My understanding is that, although it may not be nearly as high of a value as a gasoline ignition, the change from water to steam / vapor will directly drive the the piston / rotor as well.

I have read of a 6-stroke engine (versus a 4-stroke engine) which would eliminate the cooling system, and add a 2-stroke cycle which would add the injection of only water during compression, pull heat from the system (thus cooling the engine) to vaporize the water & drive the piston, be exhausted out, then return to the "normal" 4-strokes.
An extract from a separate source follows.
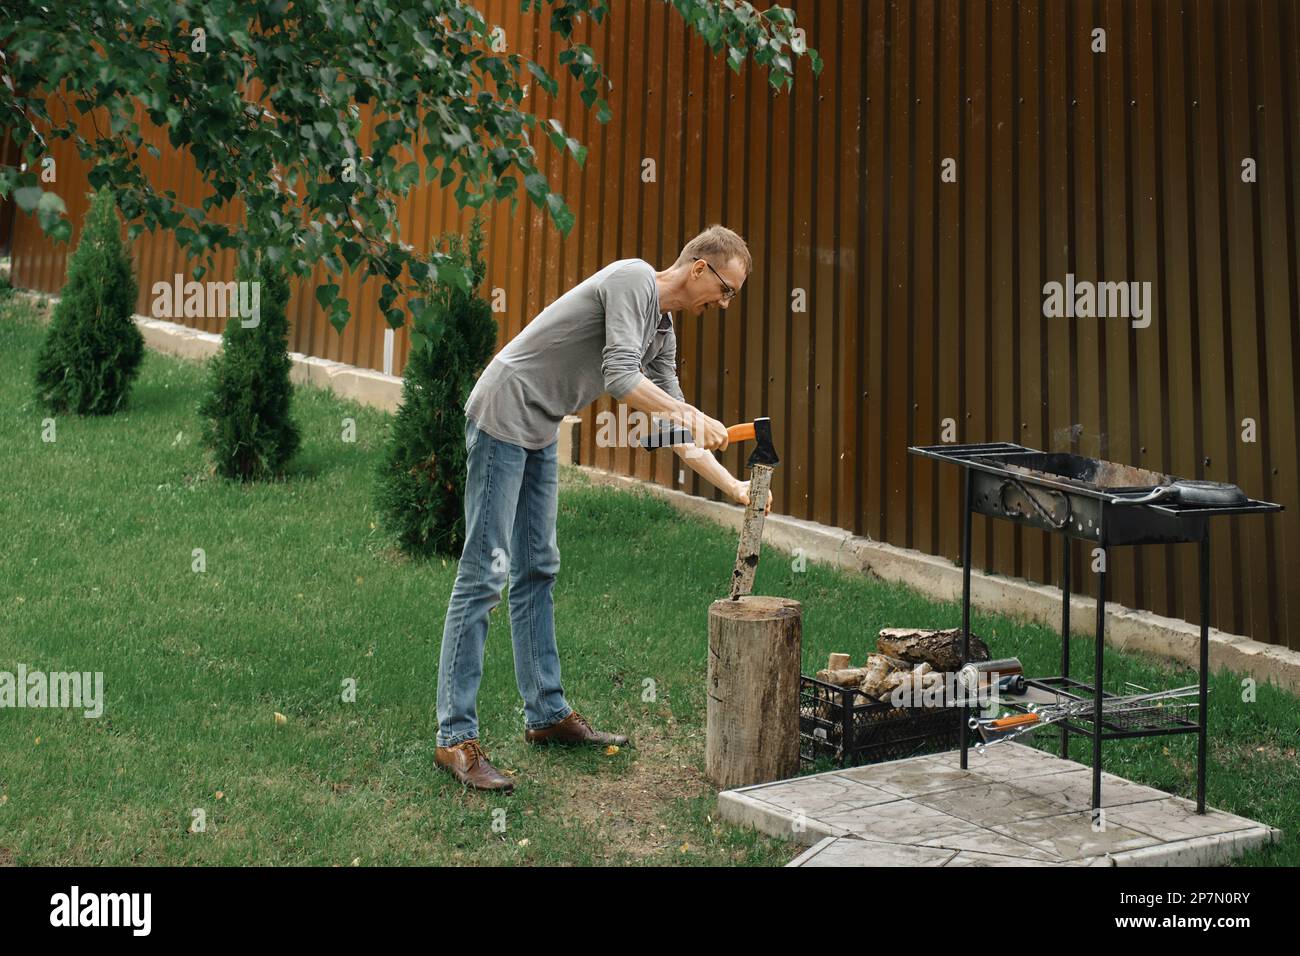 Homme hacher du bois près d'un barbecue Banque D'Images
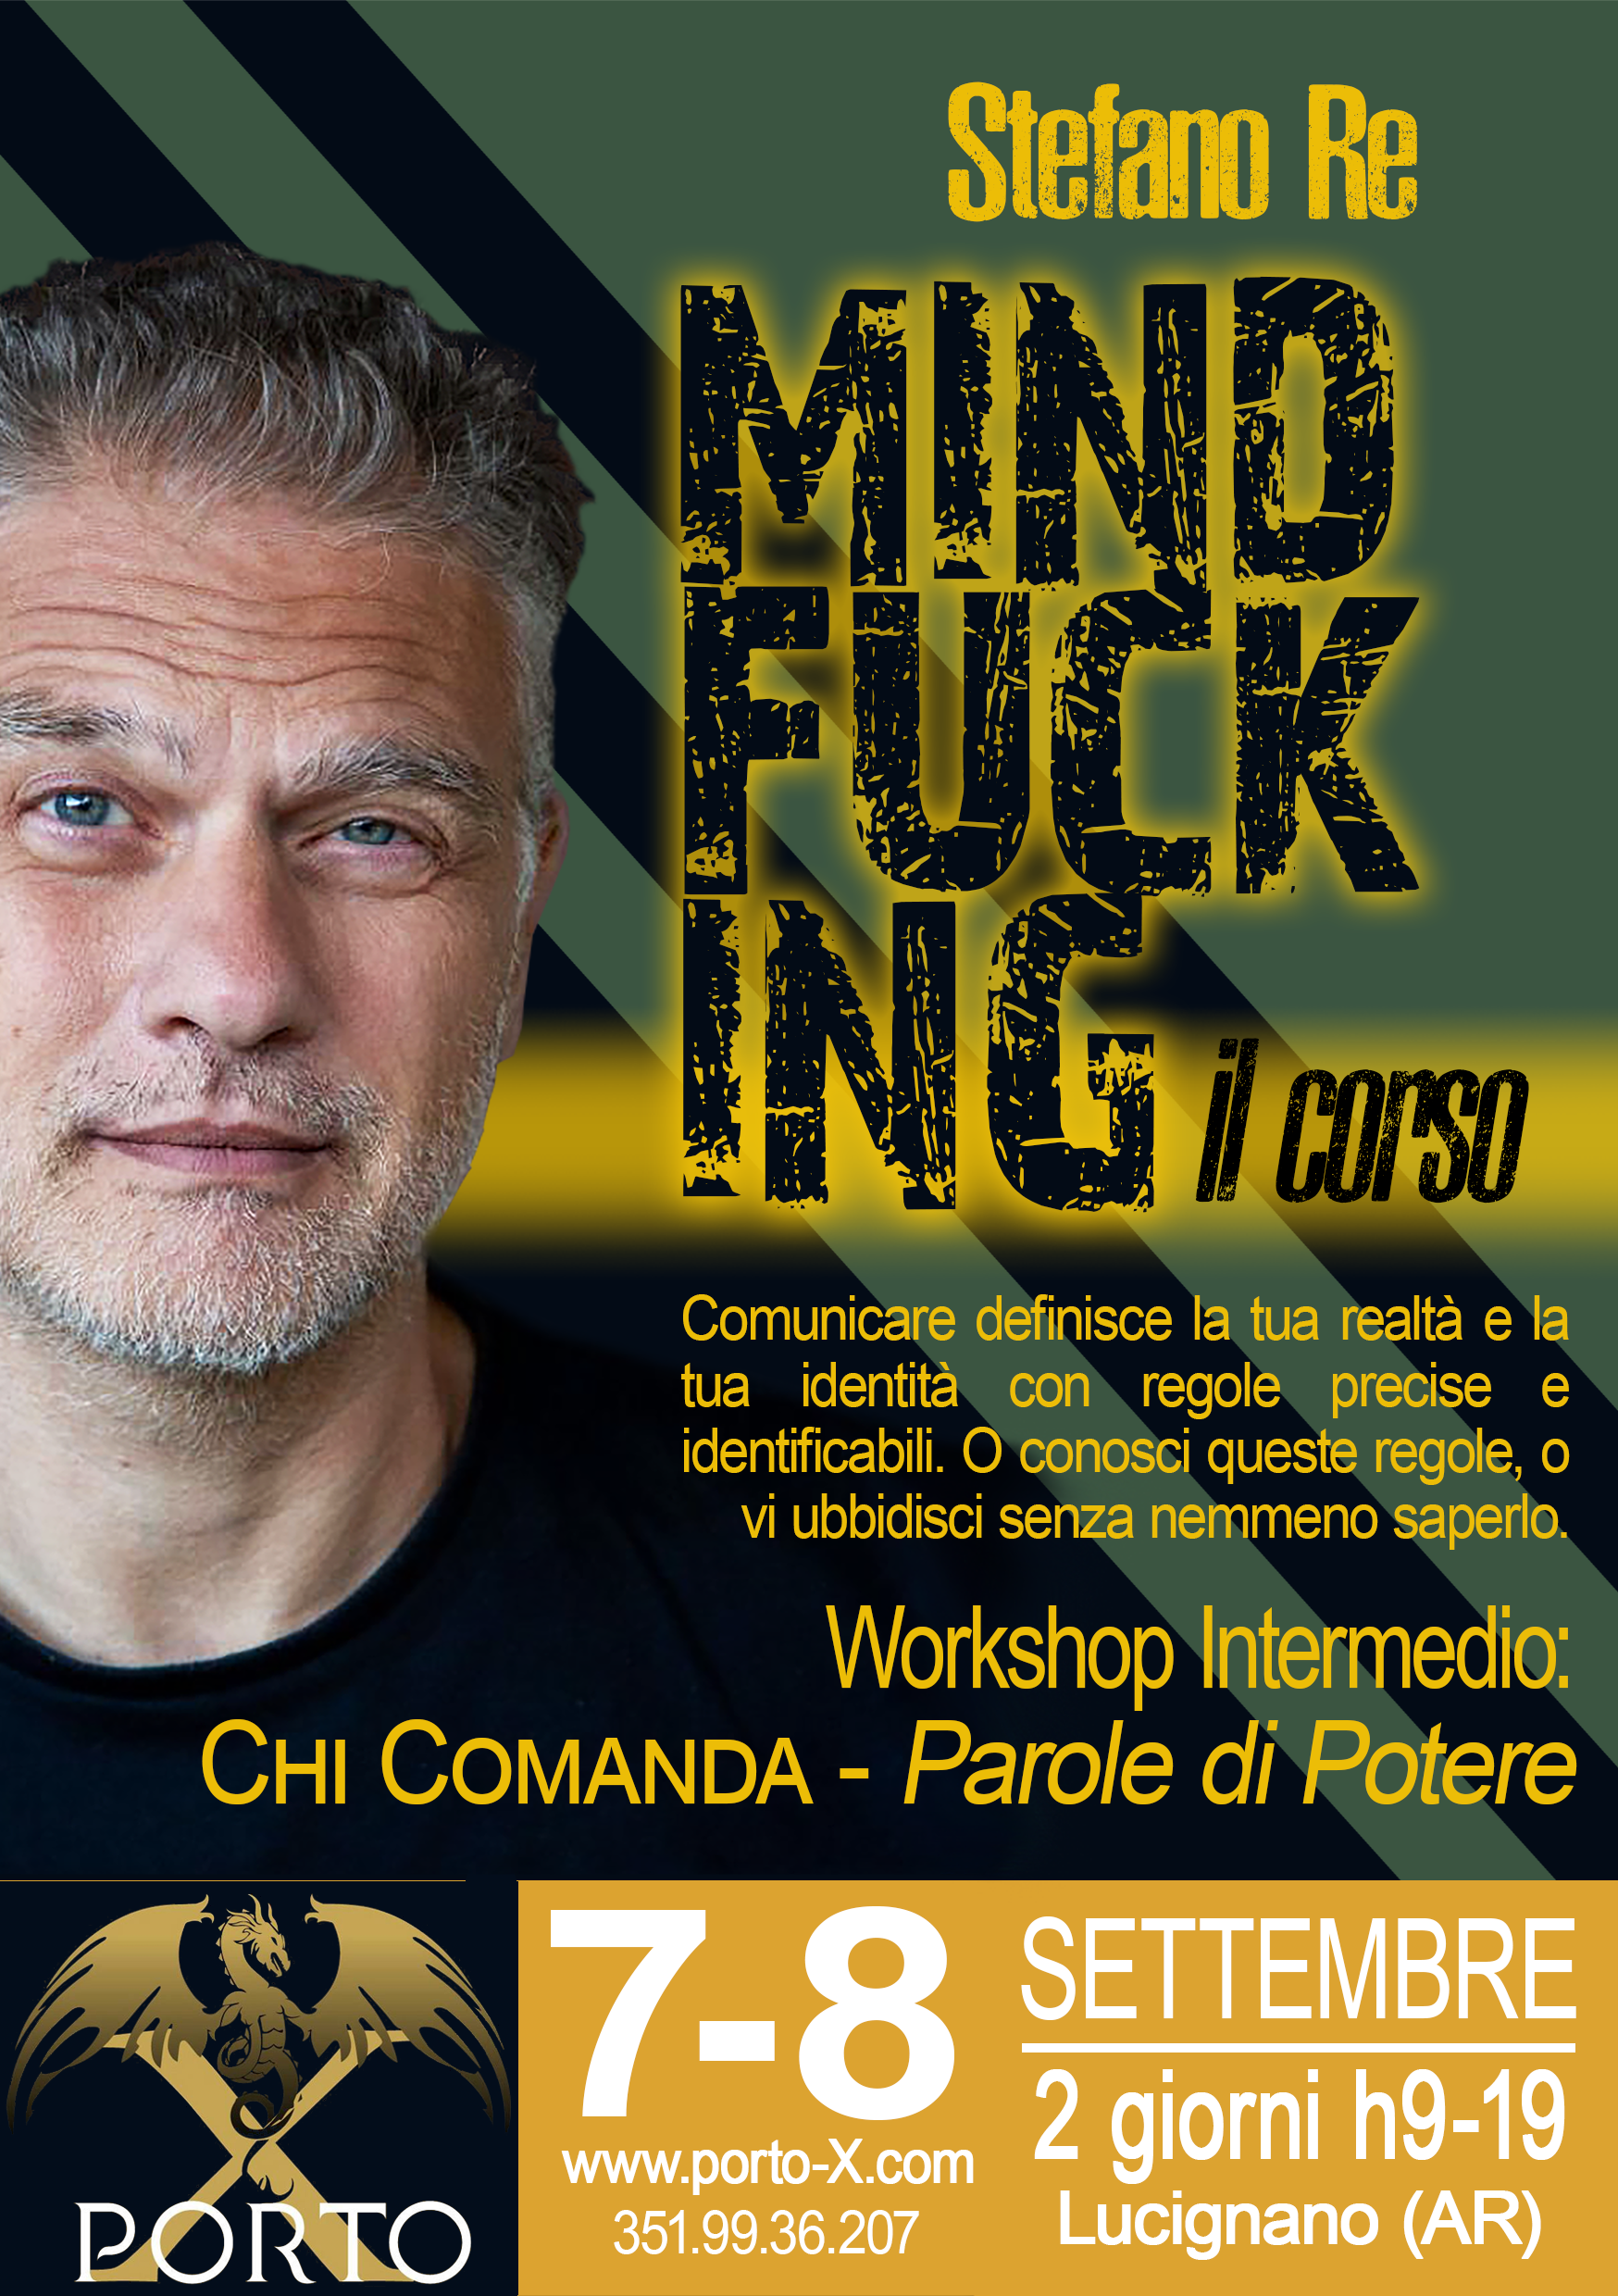 Stefano Re Mindfucking Corso Intermedio

An engine of this cycle would not be as powerful per cylinder versus a 4-stroke engine, however it would be much more efficient since you are using the wasted heat energy from the gasoline to expand the water and drive the pistons.

 

Wow - this topic brings up a lot of great reading which I believe is going to prove to be extremely helpful. Thank you so much for the input.

I am planning to experiment with some alternative fuels (beyond those typically considered) in a rotary and know that nothing will prove to be more successful than that with the right information and proper planning. I knew that detonation and pre-ignition are of particular concern and that running lean would cause this and result in a blown engine.